A team of researchers from MIT announced the development of SoftZoo, a platform that helps engineers examine soft robot co-design.
The team’s work enhances algorithms with design, which shows what a robot would look like, and control, which allows for robotic motion. Overall, the structure improves how engineers generate outlines for machines in real time.
MIT doctoral student and lead researcher on the project Tsun-Hsuan Wang explained that SoftZoo helps users “understand the best strategies for robots to interact with their environments.”
The researchers’ platform includes 3D models of animals, such as bears, sharks, caterpillars, and pandas. These designs imitate soft robotics tasks, including agile turning, locomotion, and path following in various environments.
According to the research team, SoftZoo models movement that reacts to the physical features of different biomes.

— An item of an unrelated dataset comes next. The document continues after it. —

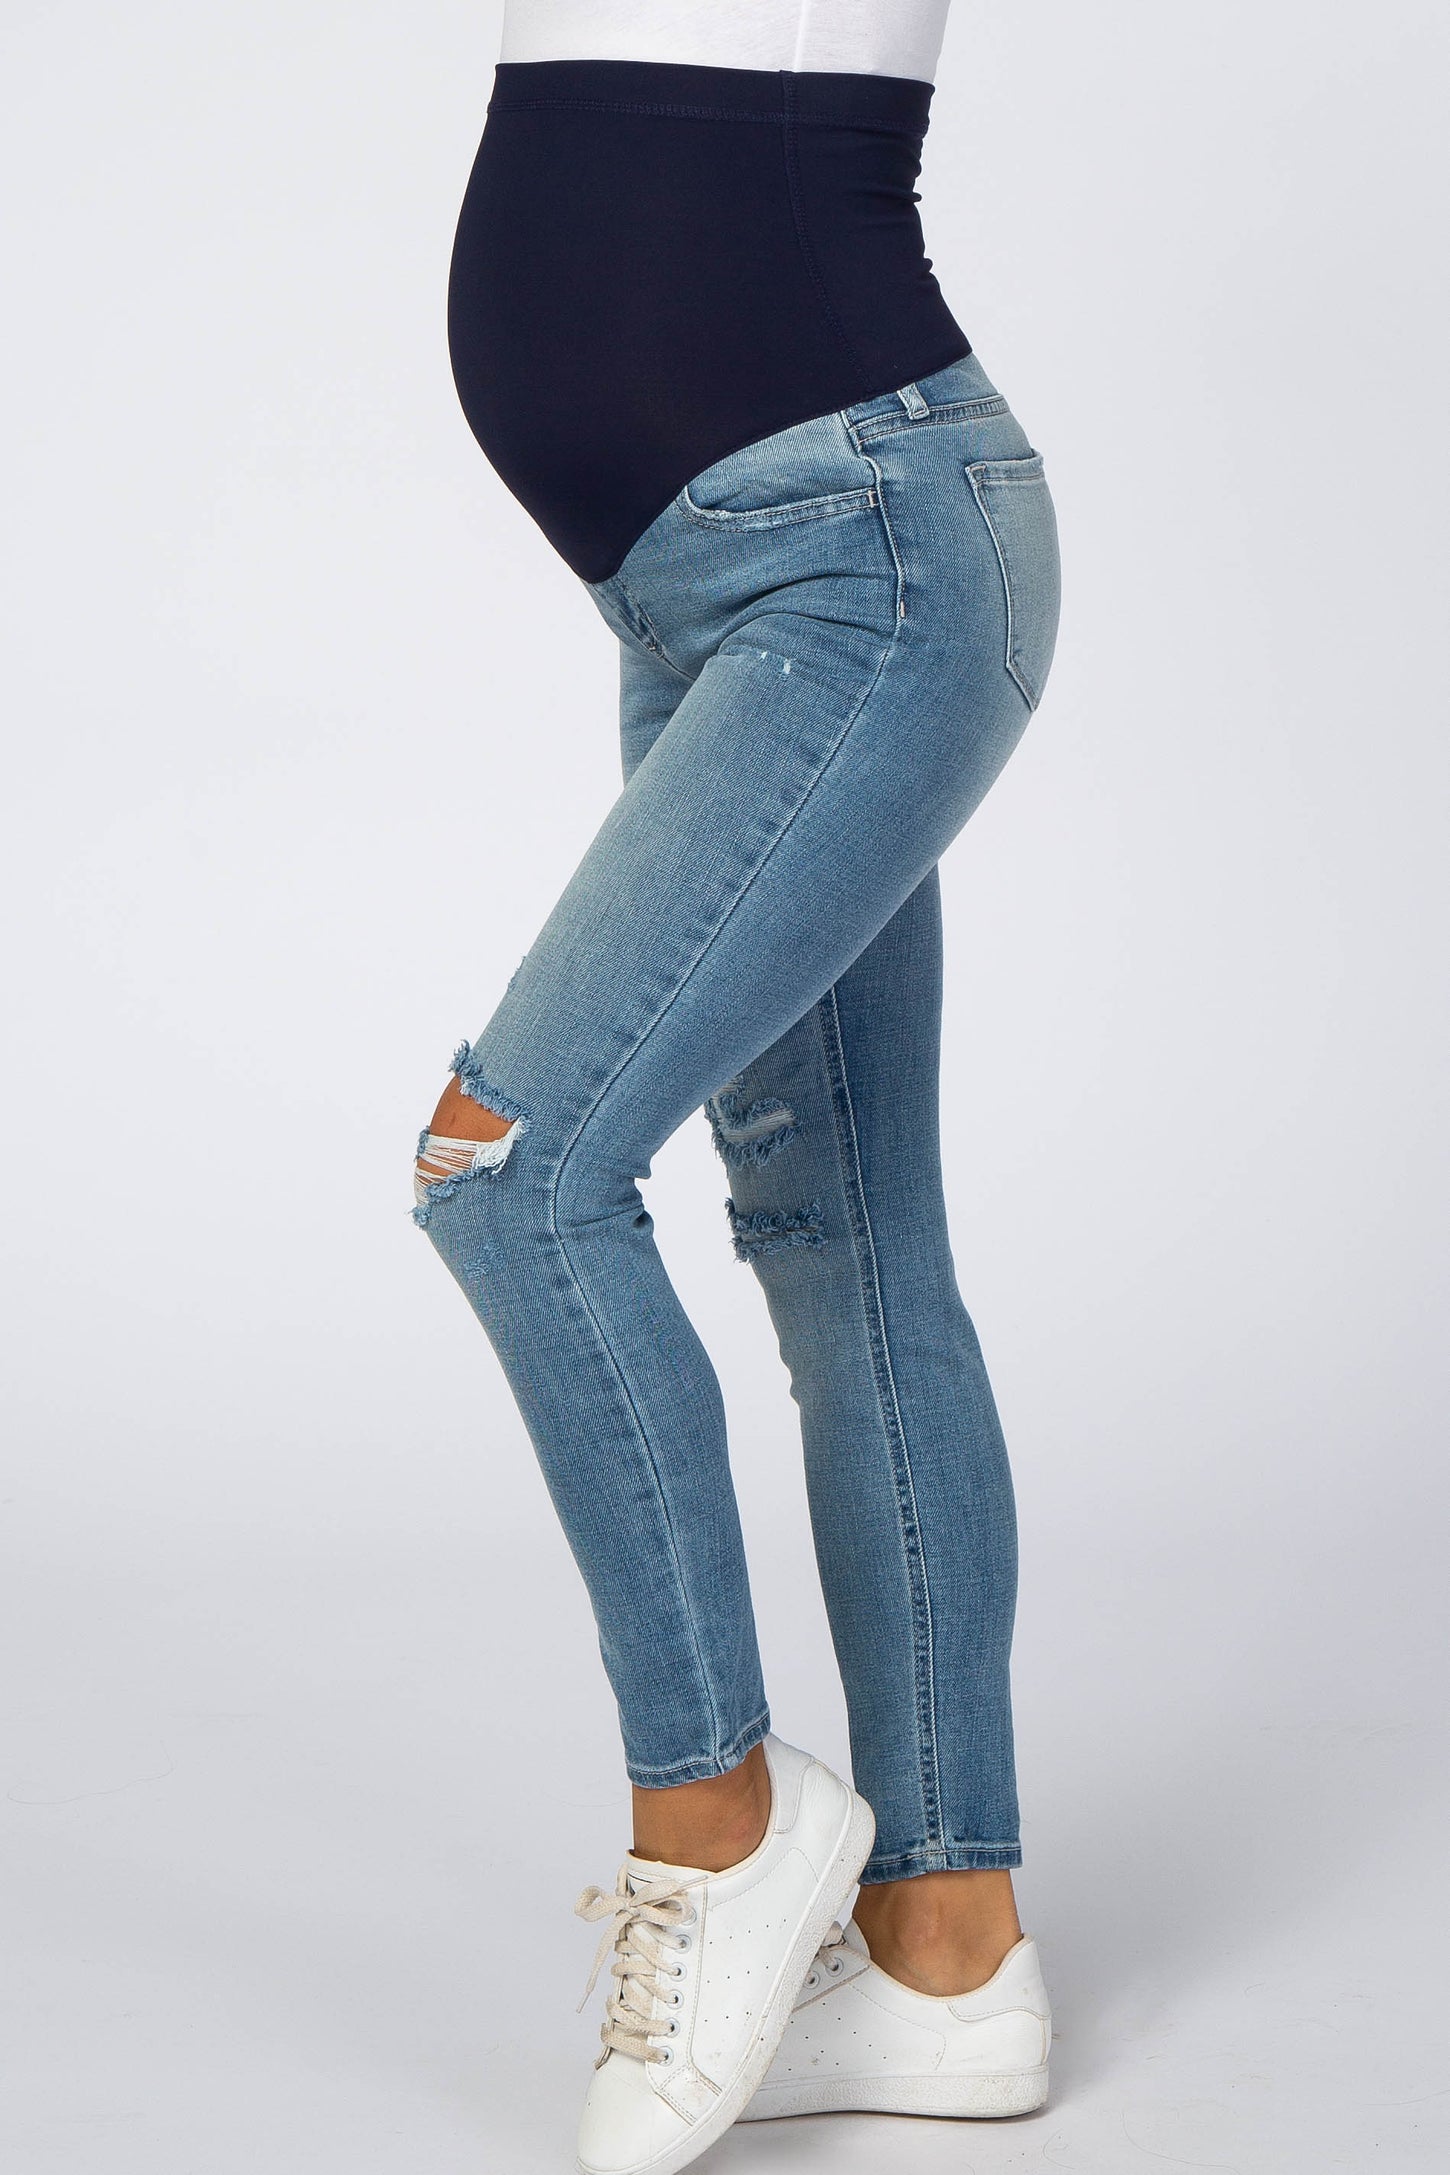 Maternity jeans - Bumpy Maternity Wear

This adaptability originates from a differentiable multiphysics engine that simultaneously simulates multiple aspects of a physical system, such as a caterpillar moving across a wetland or a baby seal turning on ice. This means designers could work on a robot’s brain and body at the same time to make them more specialized and aware.
This optimization reduces costly simulations needed to solve design and computational control issues and could make the robots suitable for applications like exploration and rescue missions.
However, Wang said, “Transferring from simulation to physical robot remains unsolved and requires further study.” Wang added that SoftZoo’s spatially varying stiffness, muscle models, and sensorization could not be realized with current fabrication techniques.
The team did, though, showcase the platform’s potential for human mechanics by designing a 3D arm throwing a snowball forward. Simulating more human tasks could allow soft robotics designers to evaluate arms that move, grasp, and stack objects.